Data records
————
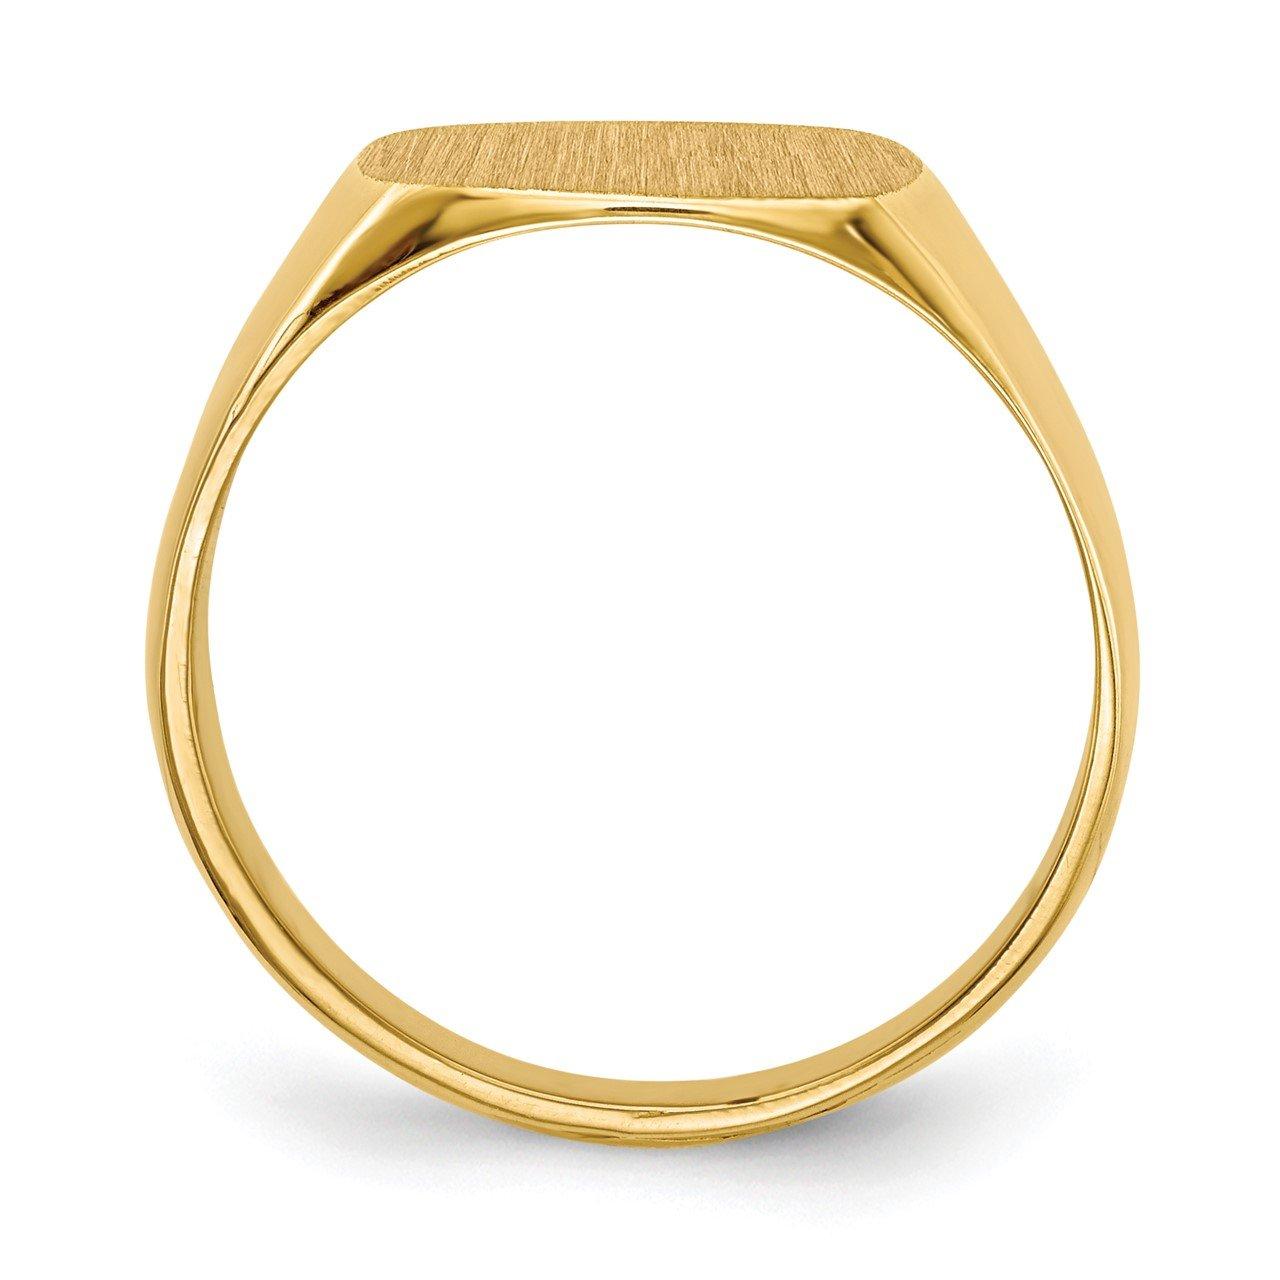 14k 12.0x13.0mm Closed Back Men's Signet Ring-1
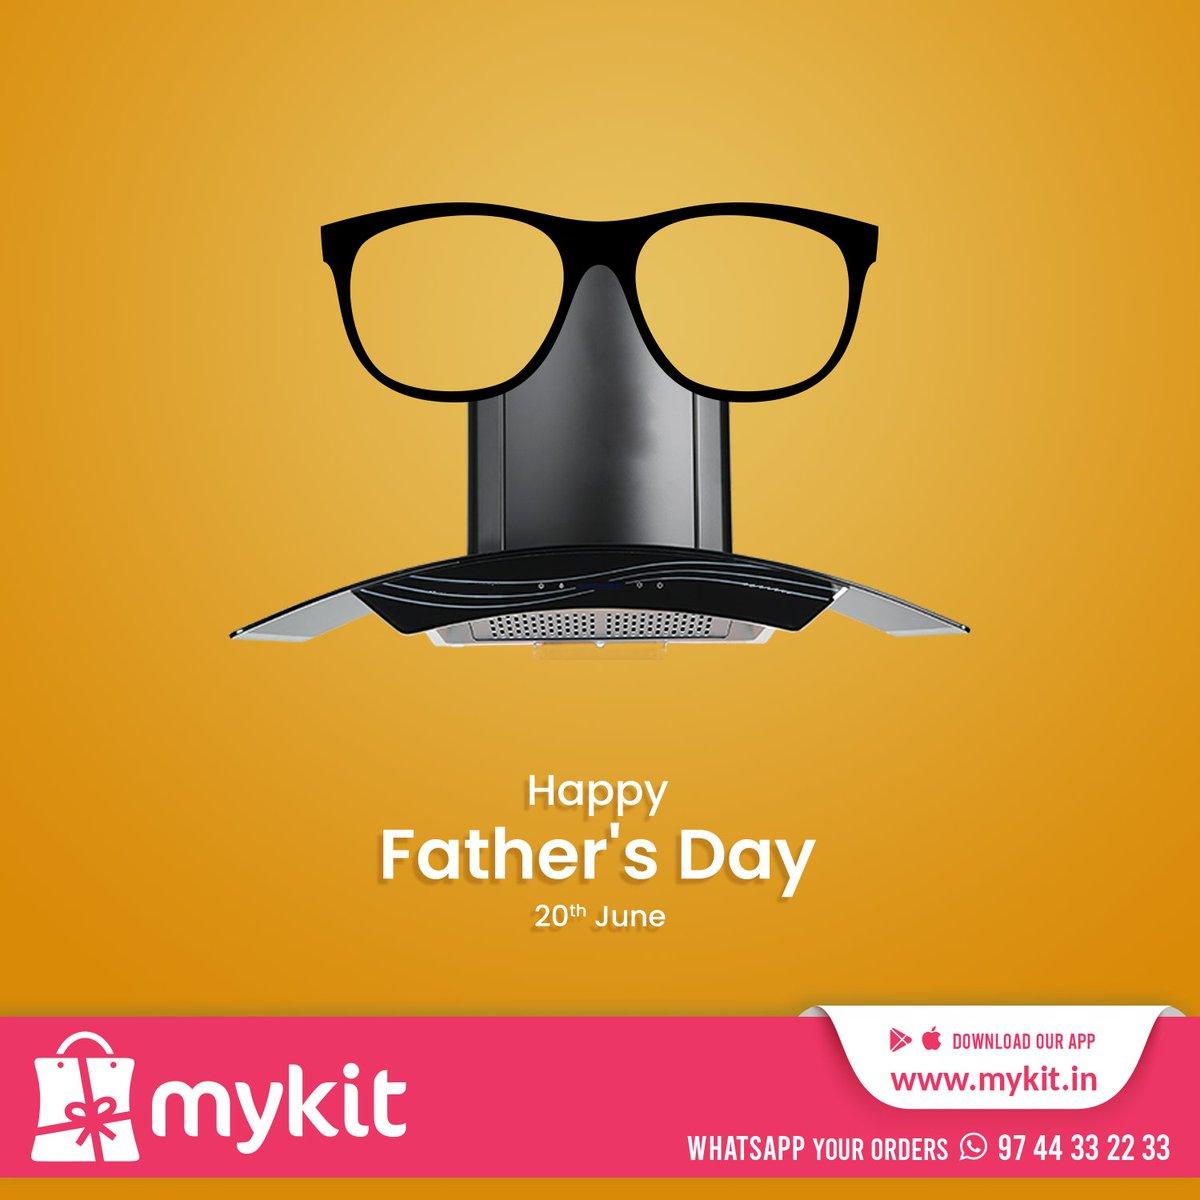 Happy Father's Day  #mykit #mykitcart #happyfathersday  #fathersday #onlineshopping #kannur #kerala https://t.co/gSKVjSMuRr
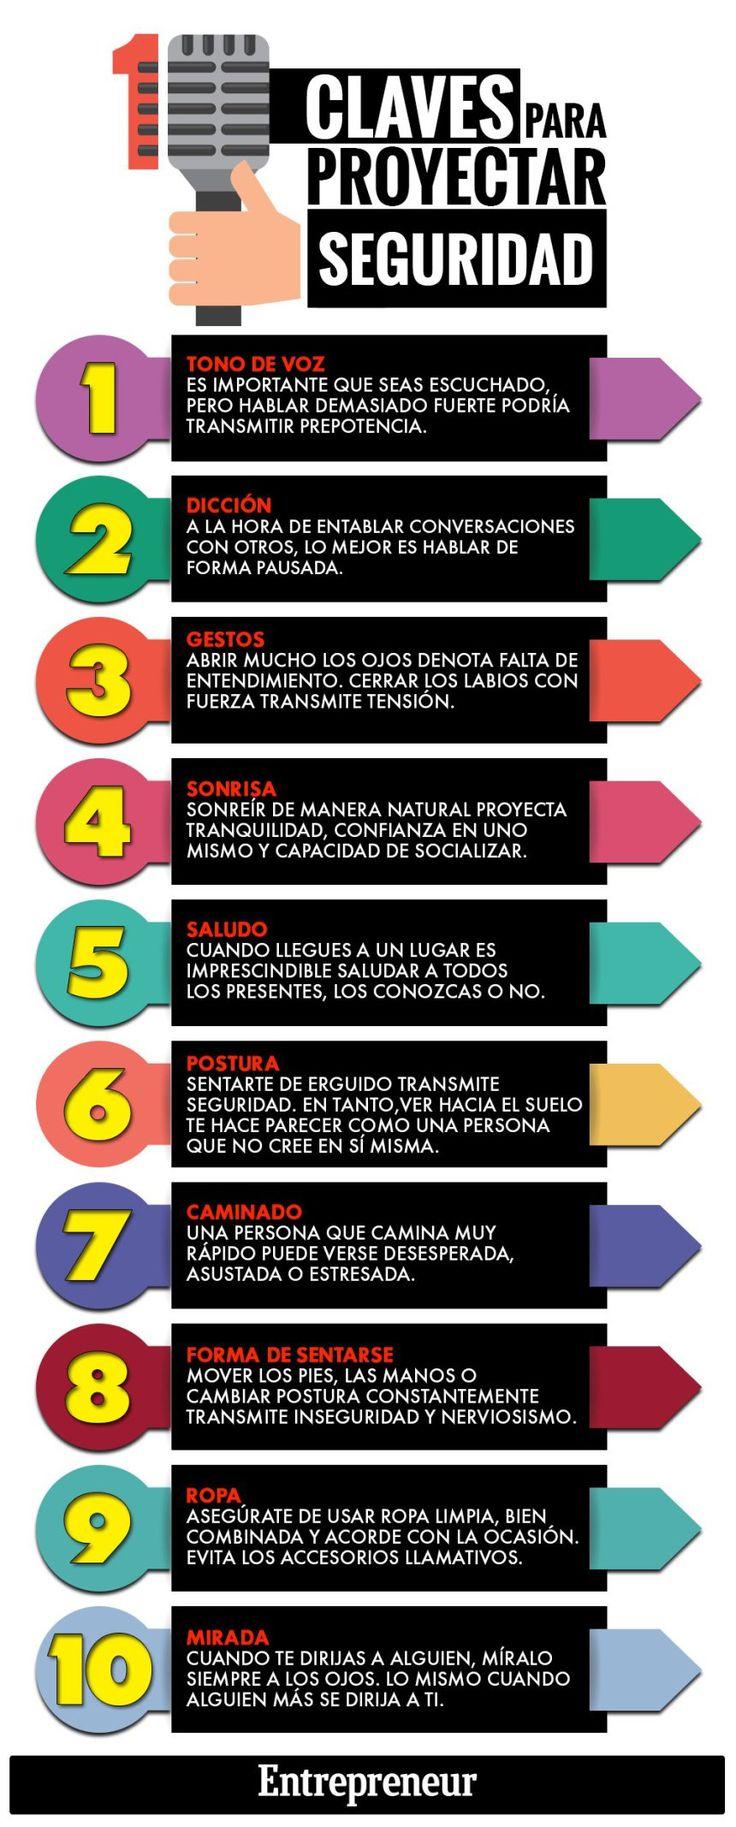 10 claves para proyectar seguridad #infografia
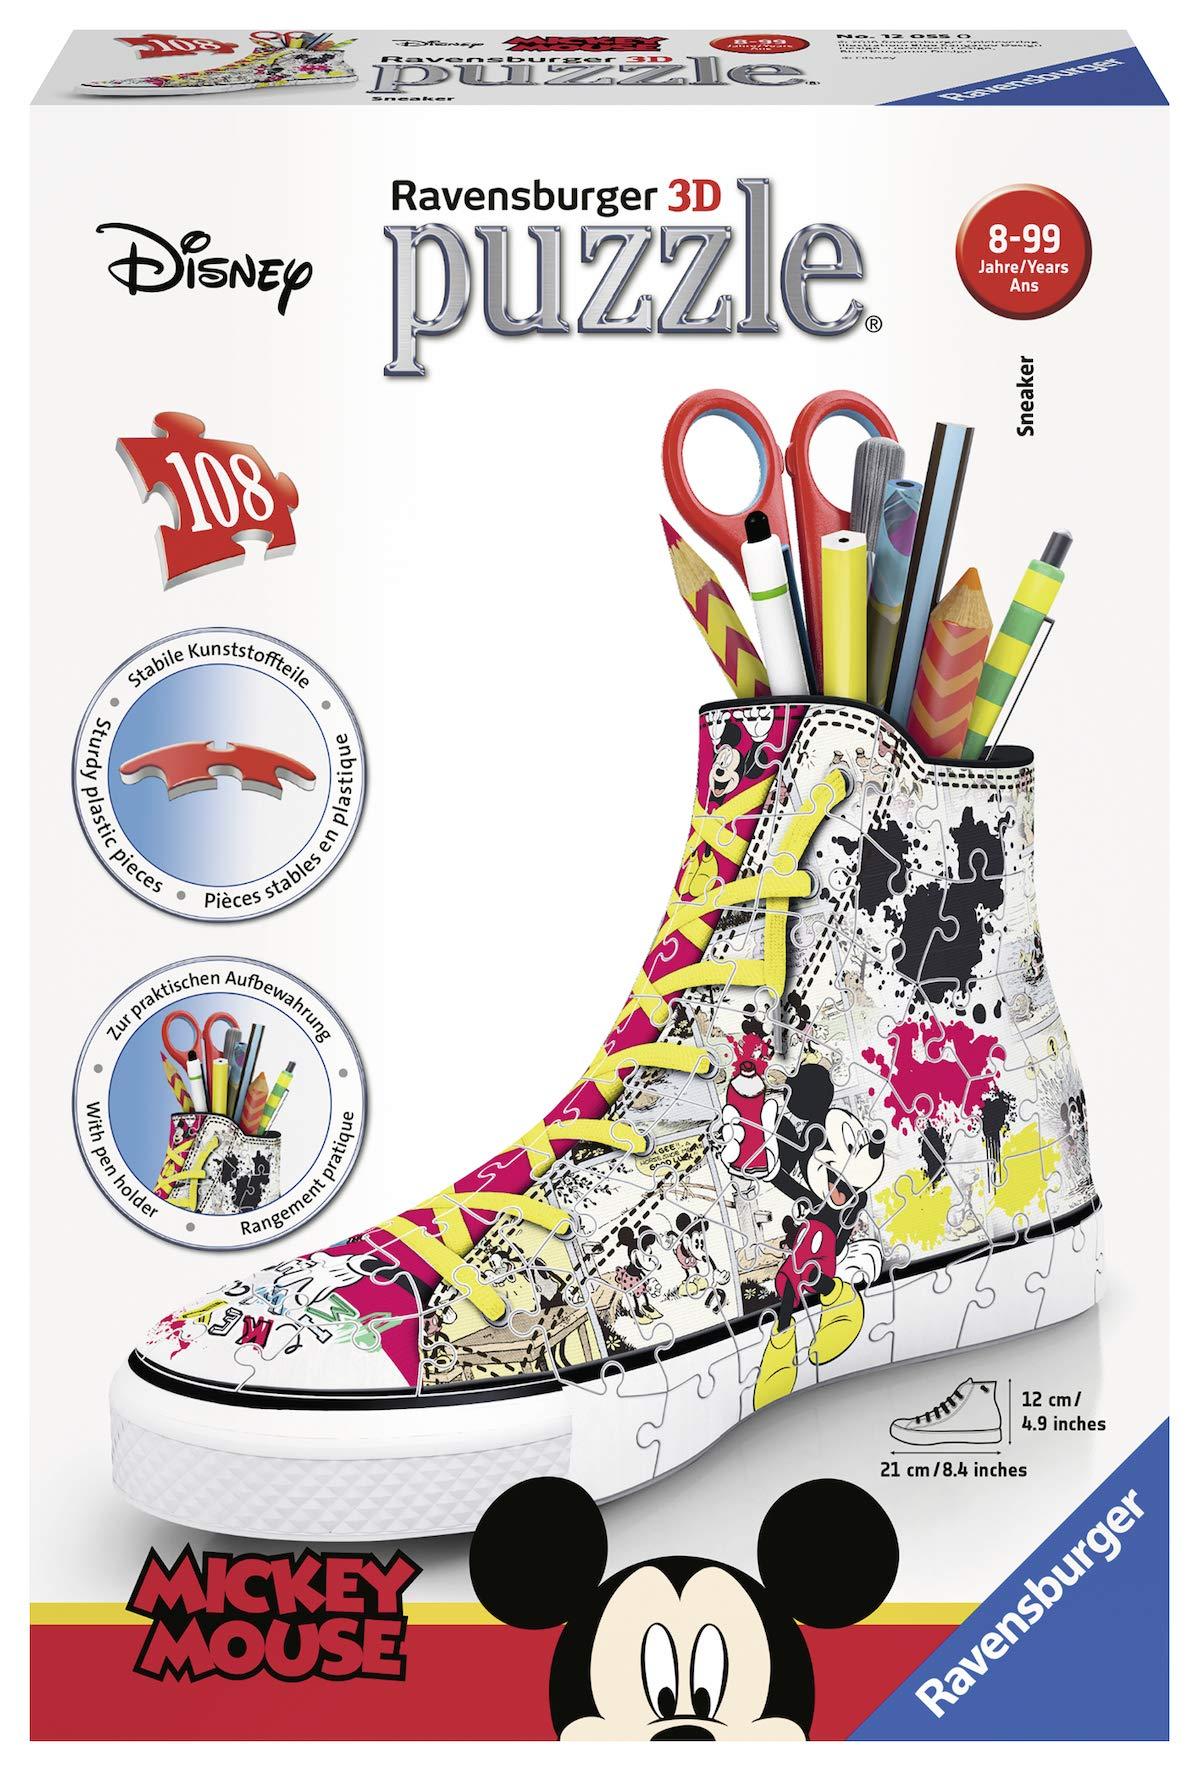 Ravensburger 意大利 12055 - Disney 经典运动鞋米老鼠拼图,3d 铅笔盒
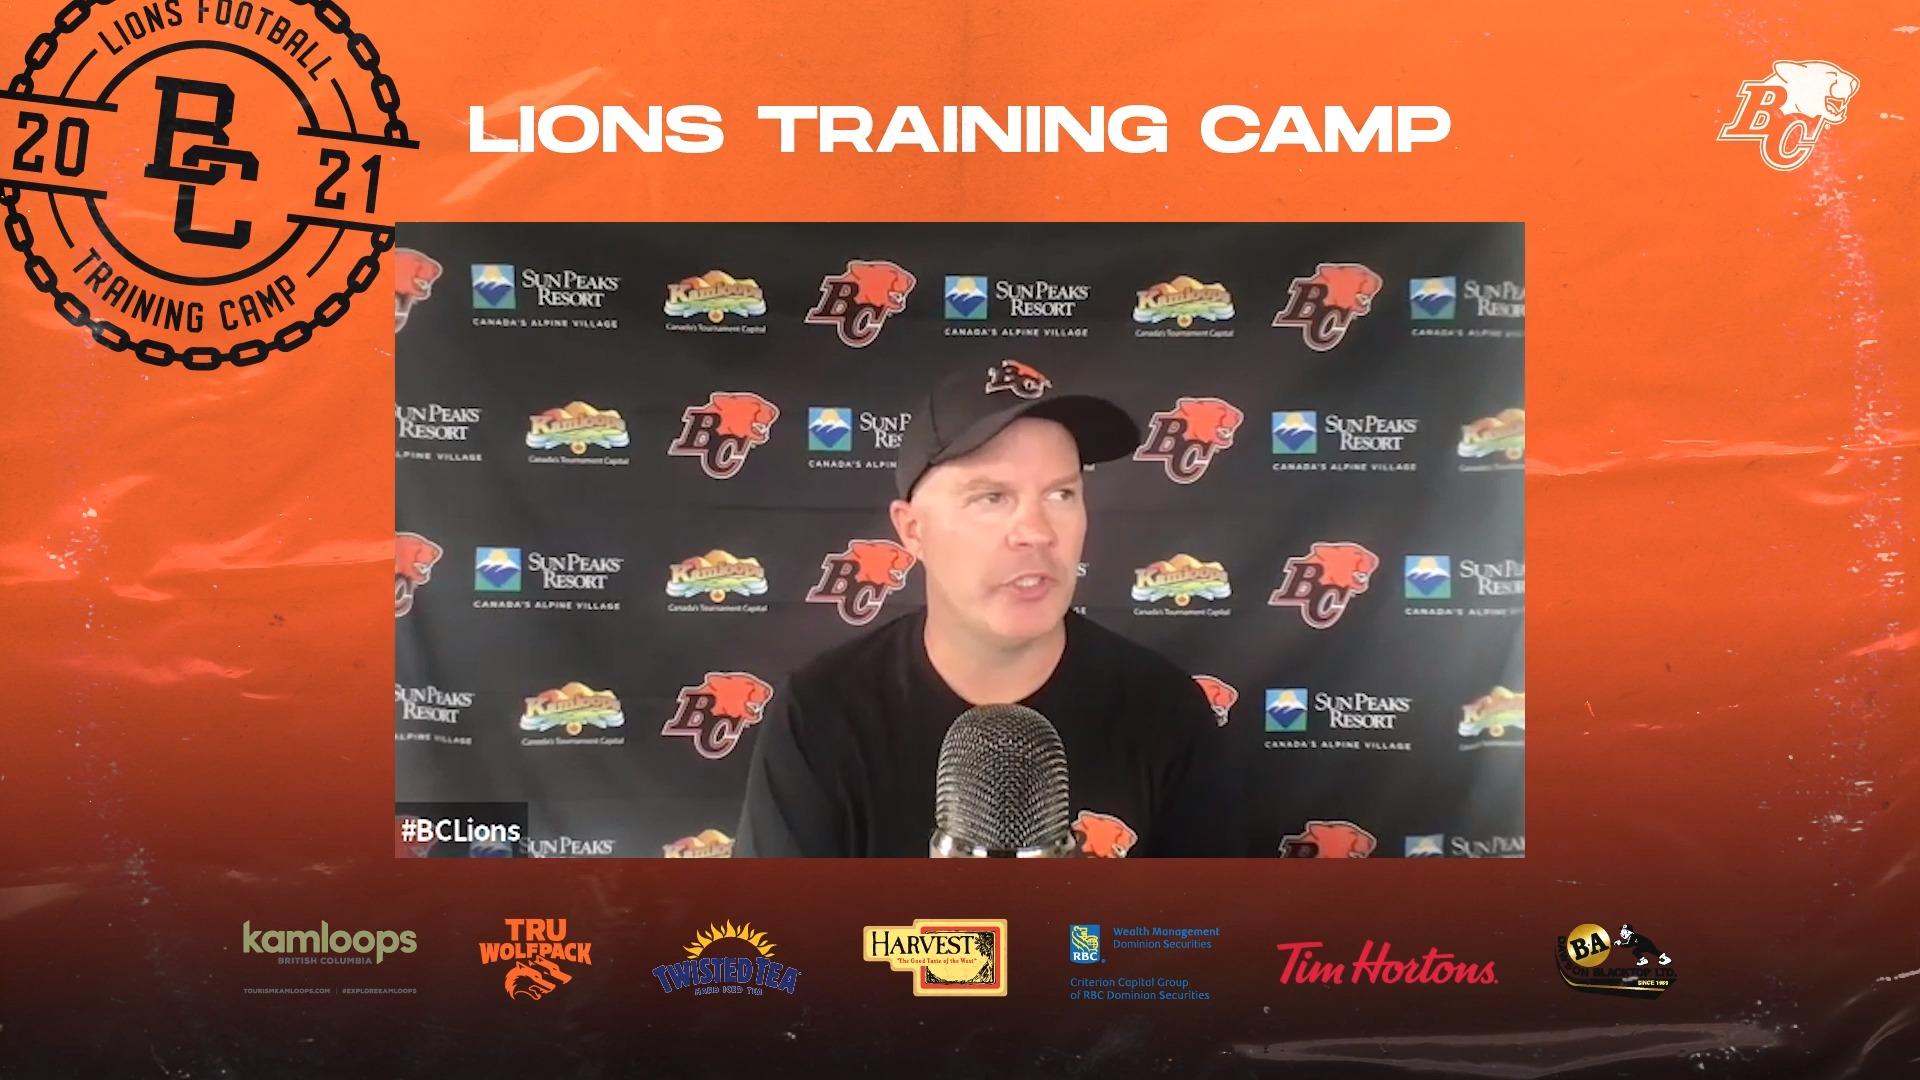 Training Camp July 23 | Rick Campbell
————
WORK TO COMPLETE: Leaving out the pictures, print each line of the records above from the first up to and including the one that contains "10 claves para", exactly as written.

THE ANSWER:
 14k 12.0x13.0mm Closed Back Men's Signet Ring-1
 Happy Father's Day  #mykit #mykitcart #happyfathersday  #fathersday #onlineshopping #kannur #kerala https://t.co/gSKVjSMuRr
 10 claves para proyectar seguridad #infografia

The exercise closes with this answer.